Эта сторона жизни, чаще всего скрытая от чужих глаз, коснулась Тима подобно подозрительному незнакомцу – он не доверял таким поворотам. Постоянно находясь в атмосфере научности, первым делом он постарался объяснить все логическим путем, совершив при этом грубую ошибку рационализации чувств.
Всегда можно расставить эмоции по полкам и постараться взглянуть на них со стороны. Но проделать такое можно только по отношению к себе.
Что же делать с тем вторым, чьи чувства вдруг поменяли «минус» на «плюс»?
Не имея склонности упрощать, Тим пустился плутать среди предположений. Не удовлетворившись полученным результатом, он обратился к знакомым, в надежде отыскать опору в чужом опыте. Просто так, будто между делом, он задавал им вопросы:
–А случалось ли тебе держать строгий курс на ненависть, а потом менять его на любовь?
–Как ваша взаимная ненависть переросла в дружбу?
(Леша: «Очень просто – нужно переступить через долбанное «не хочу» и сделать широкий шаг к согласию»)

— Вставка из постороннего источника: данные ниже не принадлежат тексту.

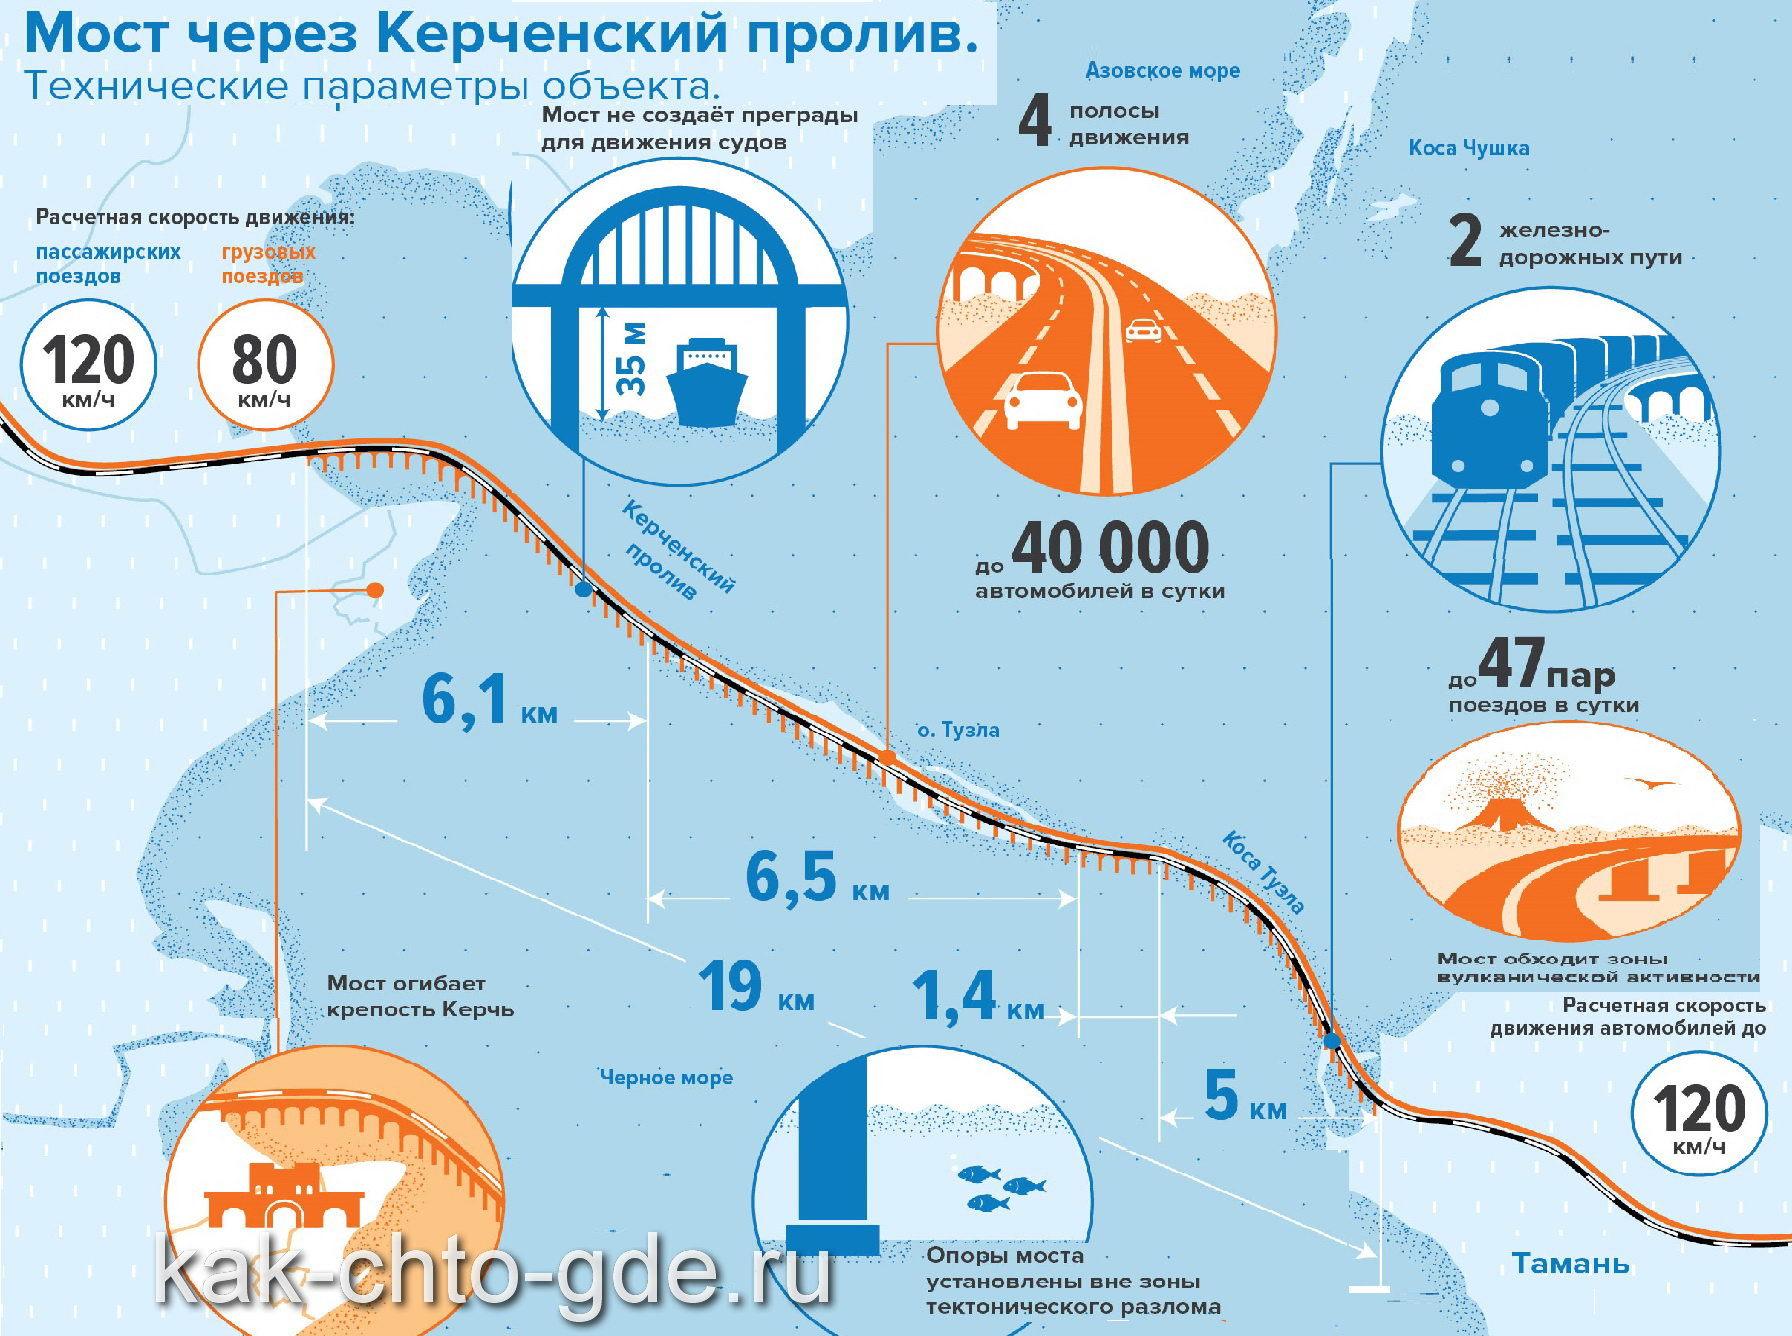 Строительство моста через керченский пролив закончится в 2019 году

–Что лучше? Любить или ненавидеть?
(Сергей: «Это две стороны одной медали»)
Результат поисков и опросов был не самый лучший: тупые обобщенные факты. Ответа, от которого стало бы легче дышать, он не получил. Впрочем, это уже становилось привычным…
Оставалось довольствоваться трезвостью мысли, и душой, изогнувшейся в вопросительном знаке.
Закоулки памяти говорили немного (Мнемозина отказала этому молодому человеку в долговременном хранении): впервые Тим увидел Айдына в поточной аудитории, когда каждому новоявленному студенту вручали его билет (документ из узких штанин slender foot). Моментальный оценивающий взгляд, предвзятое мнение, отсутствие интереса. В следующий раз (стоило потрудиться, чтобы отыскать эти короткие пять минут жизни в пыльном хламе редких воспоминаний) уже через пару дней, они столкнулись на скучной перемене, и, не обремененные отсутствием коммуникабельности, узнавали без интереса, со взаимной надменностью, общедоступные биографические факты друг о друге: имена, даты, возраст, какие-то несхожие интересы. Тим так же вспомнил, что после того незначительного диалога у него остался неприятный осадок, и даже возмущение, – уже тогда было ясно, что Айдын превосходит многих, в том числе и избалованного мальца, каким часто воспринимали Тима.
Вот и все, что смог выдать архивариус после нескольких к нему обращений.
Безусловно, их поверхностное общение всегда имело место быть. Они не были врагами. Но и друзьями не назывались. Их общение входило в ту огромную часть заурядных диалогов, что происходят между людьми, видящихся по воле судьбы изо дня в день в одном и том же помещении (в данном случае: учебный корпус).
На этом самом факте Тим и спотыкался. «Что заставило его проявить ко мне такое благодушие? – задавал он себе вопрос. – Что могло измениться?».
(Сергей: «Как мило! Ты влюбился!»)
(Тим: «Я этого не говорил»)
И перед его глазами, как мастерский киноспецэффект, представал сгусток злости, окрашенный в бордовый цвет, переливающийся коричневыми прожилками и окутанный аналогичного тона туманностью. Так он увидел свой гнев, после того, как освободился от него.
То были дни открытий и понимания. Тим, в паре с Нелли, блуждал в лабиринте своей души. Стабильно, один раз в неделю, в рамках психологического консультирования.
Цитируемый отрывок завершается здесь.